All I could see ahead was dry, bare plain. The oncoming monsters made weird squealing noises behind me—were they
laughing?
Then two of them out in front opened their mouths and I saw fangs like boars' tusks.

I shut my eyes, took a running leap, and tumbled over the edge of a bluff that was invisible until you were right on top of it. Down I slithered in a cloud of dust, into a vast tangle of thorny brush that seemed to stretch on forever.

 

Six

In the Brangle

 

 

 

T
HE DRY, SPINY VINES STABBED
and tore. I yelled. Kevin dragged me in deeper after him.

“Hurry,” he panted, “they can't follow us in here!”

I lumped along after him as best I could, scared and angry. How typical of him to make our only escape from the baddies (and I didn't have to look again to know that these Famisher-things were not goodies) through a forest of stickers designed to shred you and your best blue jeans.

The little stranger was gone. Behind us, the brush seemed to squirm back into a thick, spiky tangle as soon as we had thrashed our way through it. How would we ever get out of there again, even if we could figure out where out was?

Not that I was in any great hurry to do that just then. I could hear the Famishers padding around and squealing eagerly outside the brush. As Kevin had promised, they weren't getting in—a definite plus. But if one more thorn raked me across the neck I was going to scream. I hoped the seelims had run far, far away by now. By the look of those teeth, Famishers could eat anything.

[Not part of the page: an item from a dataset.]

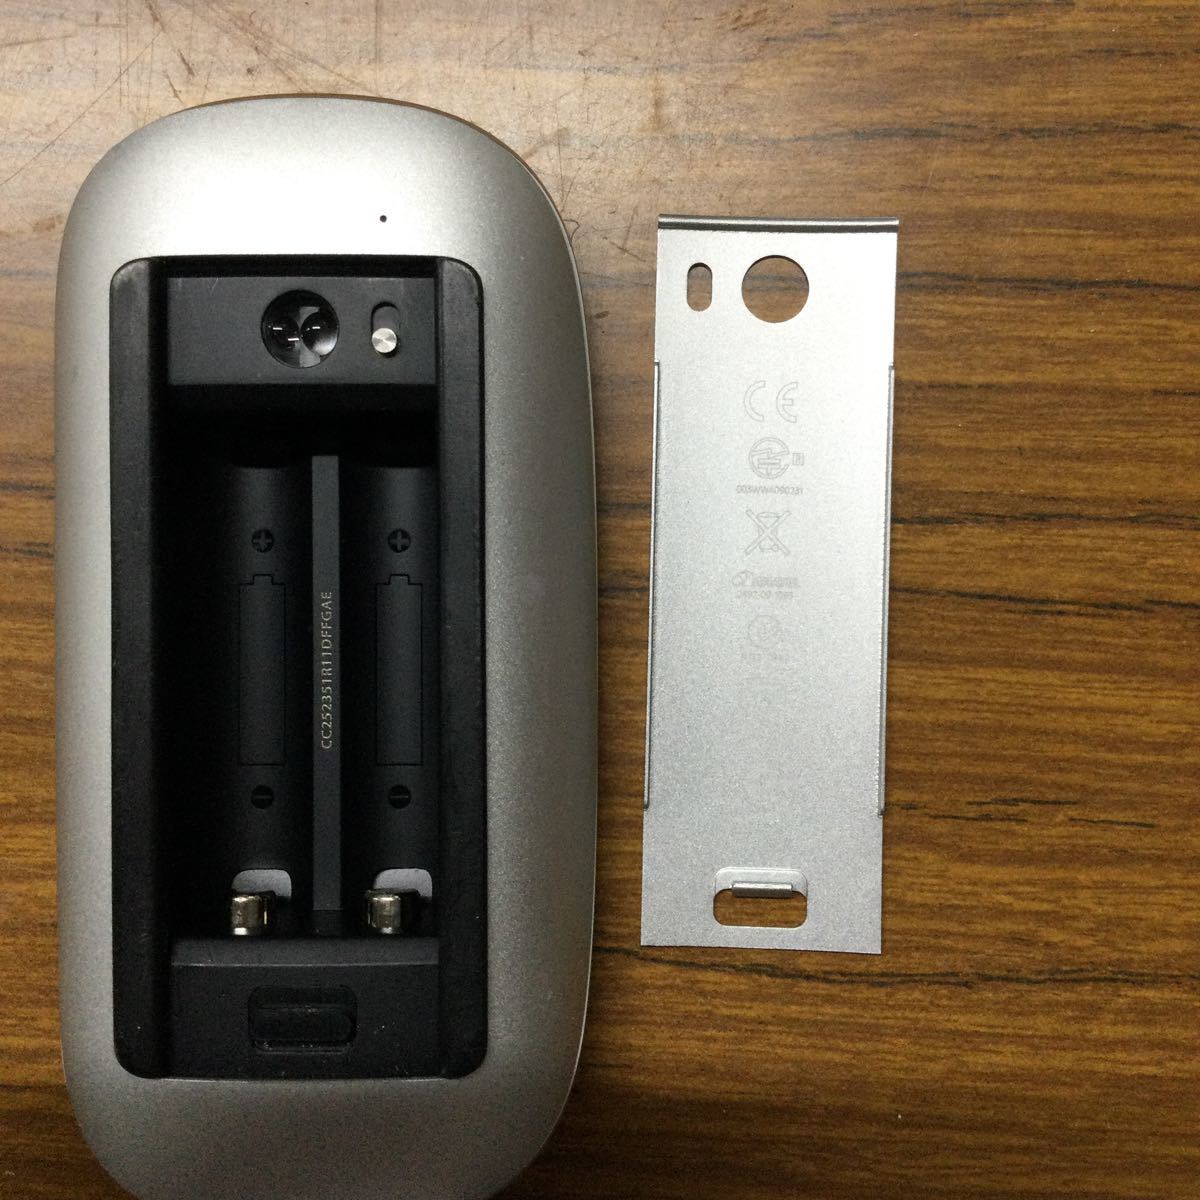 USED★Apple アップル A1296 3Vdc Magic Mouse マジックマウス Wireless ワイヤレス Bluetooth 無線 電池式 動作確認済★2_画像4

We scrambled into an open space and both collapsed, spitting out dust and twigs. My skin stung all over. For a second I thought I must have gone blind as well: then I realized that the brush grew so tall here that it closed over our heads, drowning us in brown gloom. We were completely enclosed by interlaced branches.

“I feel like I've been through a Cuisinart,” I said.

“We're okay,” Kevin said. “Famishers can't move around in here.”

“Who can?” I said. “I'm bleeding to death. Where are we, Kevin?”

“In the Brangle,” he said in a tone of satisfaction, slapping dust off his clothes with both hands and coughing. “Anglower's creatures have burned up whole forests all over the Fayre Farre. Brangle is all that grows back. The thorns hate him and keep out him and his.”